The following sociodemographic and obstetric variables were collected: maternal age, education level (no education, primary, secondary, and university), type of labour onset (spontaneous or induced with oxytocin), parity (nulliparous or multiparous), type of delivery (spontaneous cephalic delivery, spontaneous breech delivery, dystocic vaginal breech, caesarean, and forceps), gestational age at delivery, use of increasing oxytocin during labour (yes/no), duration of stay in the delivery room (more or less than 12 h), type of pain relief (epidural pharmacological, intradural pharmacological, no analgesia, non-pharmacological), presence of perineal trauma (yes or no), type of trauma (1st, 2nd, 3rd and 4th degree perineal tear, cervical tear, episiotomy), and breastfeeding at hospital discharge (exclusive breastfeeding, mixed feeding, formula feeding, no breastfeeding).

Instrument and data collection system

The data collection process took place from February 28, 2022, to December 23, 2022.

Convenience non-probabilistic sampling was employed. Probabilistic sampling was not considered due to the study's objective, which prioritized securing a large sample size within a reasonable timeframe. Initial recruitment took place in the Immediate Postnatal Unit two hours after delivery. Women who met the inclusion criteria were offered voluntary participation in the study by the midwife of this unit. If they agreed, physical documentation was provided to them by the research team (EMM, JJG, HBR) on the wards at 24 h postpartum.

Women had two options for completing the questionnaire: either physically on-site during admission (between the first and second postpartum day), with the completed questionnaire handed personally to the research team (EMM, JJG, HBR) at discharge, or online (via the Google Forms® platform, following CROSS recommendations [54]). In the latter case, they were notified by telephone beforehand and were given a maximum period of one month after delivery to complete the questionnaire. In this manner, all questionnaires (both those collected in the hospital and online) were consistently completed between days 1 and 30 postpartum.

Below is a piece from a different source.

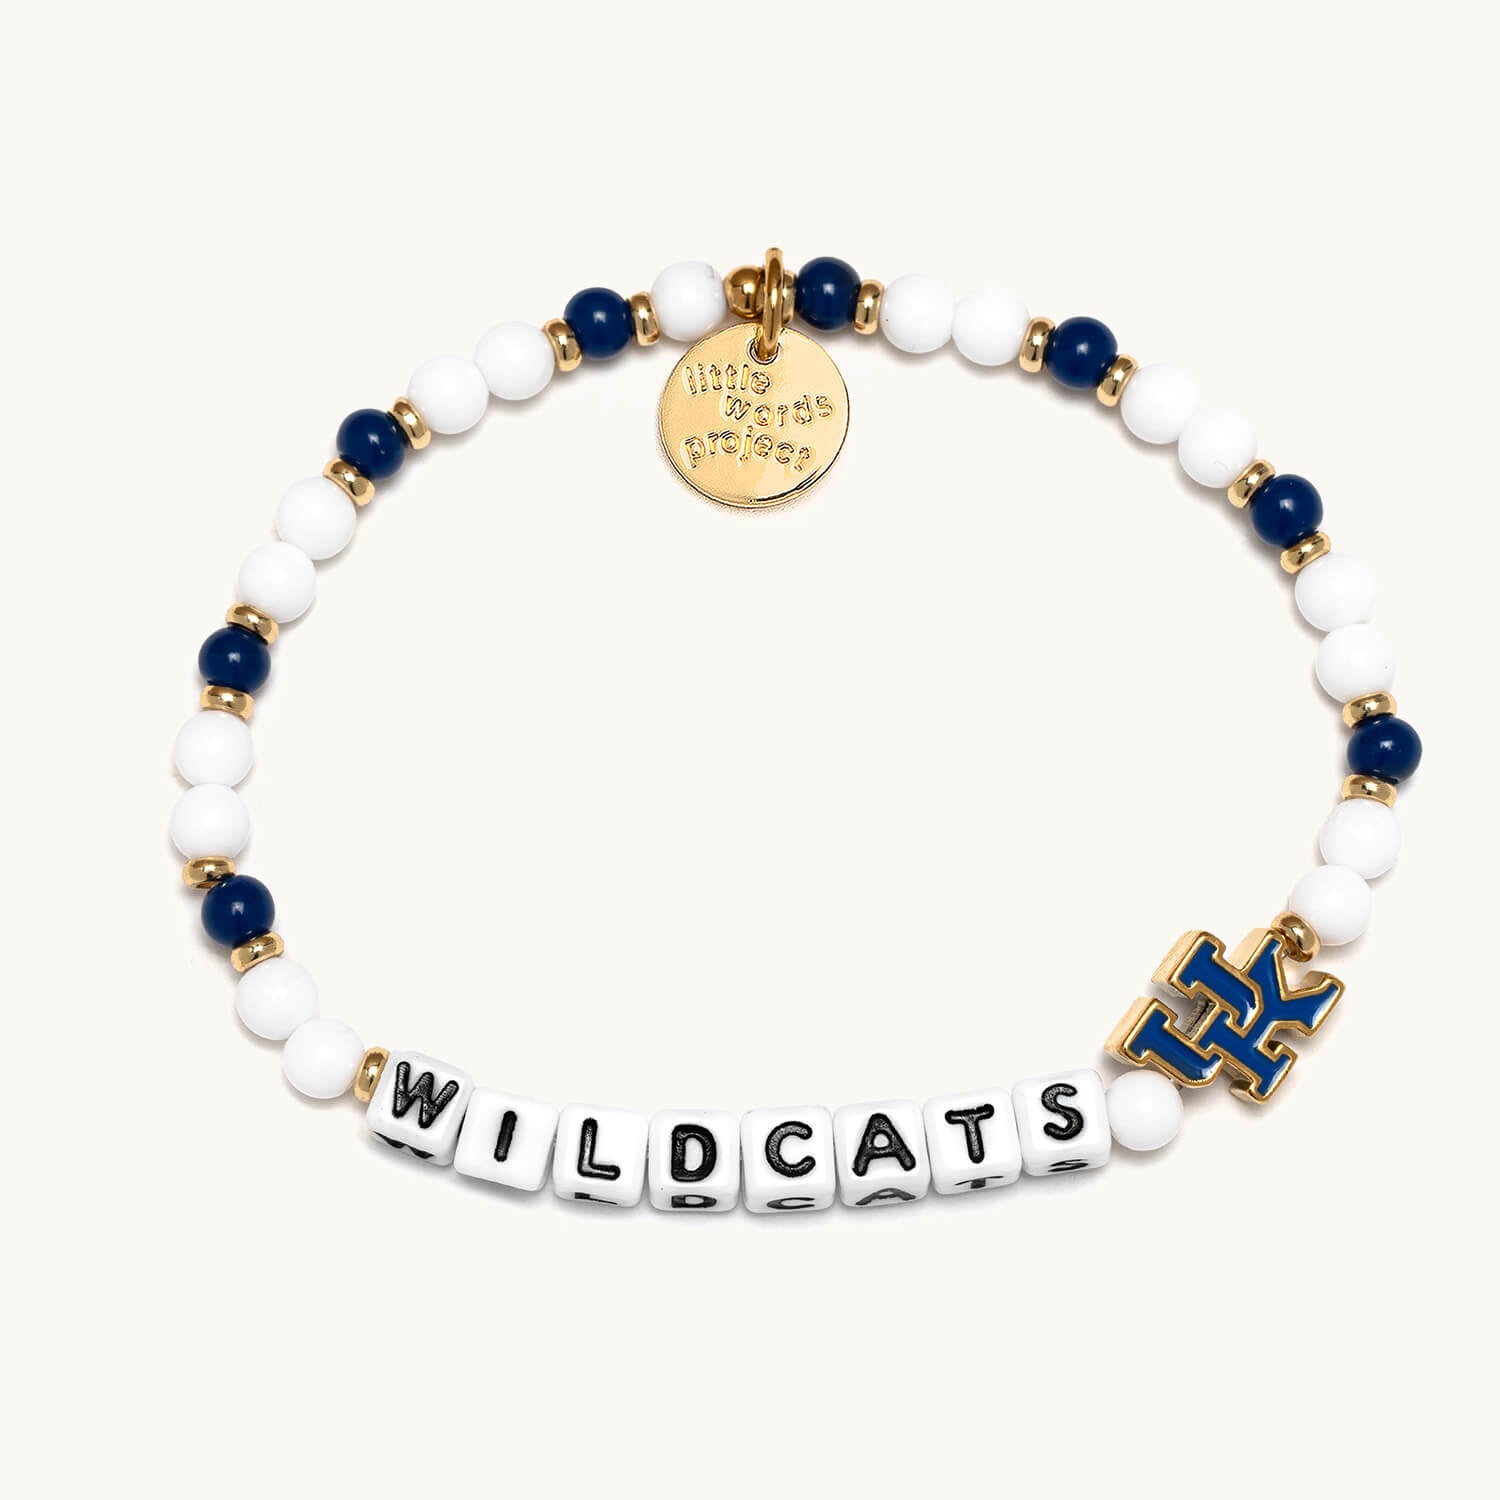 Wildcats® - University of Kentucky® Bracelet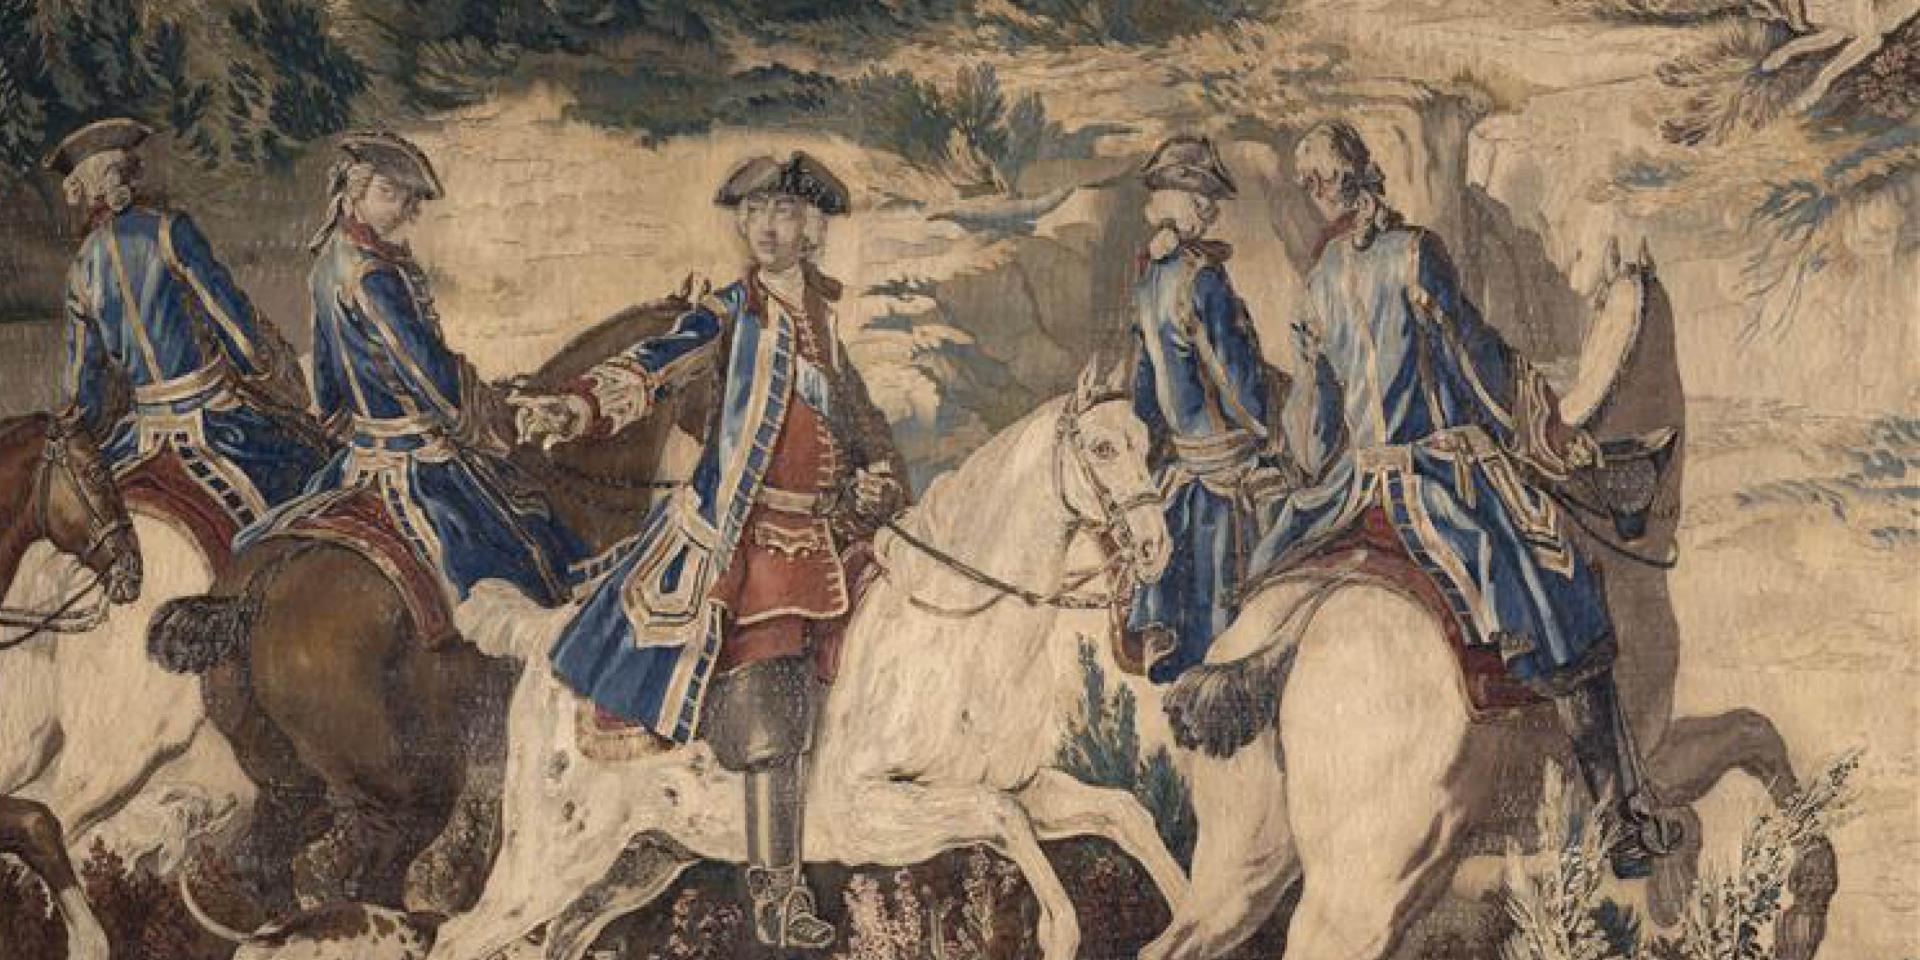 Tenture des chasses de Louis XV : "Les rochers du Franchard, forêt de Fontainebleau".

Obstetric information was extracted from the medical records of each participant by the researchers (EMM, JJP, HBR). For the collection of data on temporal reliability (Test–Retest), 30 women who had physically responded during their admission were randomly selected to complete the questionnaire a second time online.

Data analysis and interpretation

A descriptive analysis of the study variables was performed. Qualitative variables were expressed in percentages and frequencies, and quantitative variables were presented as means, standard deviations, and minimum–maximum values. Skewness and kurtosis values were calculated for each item.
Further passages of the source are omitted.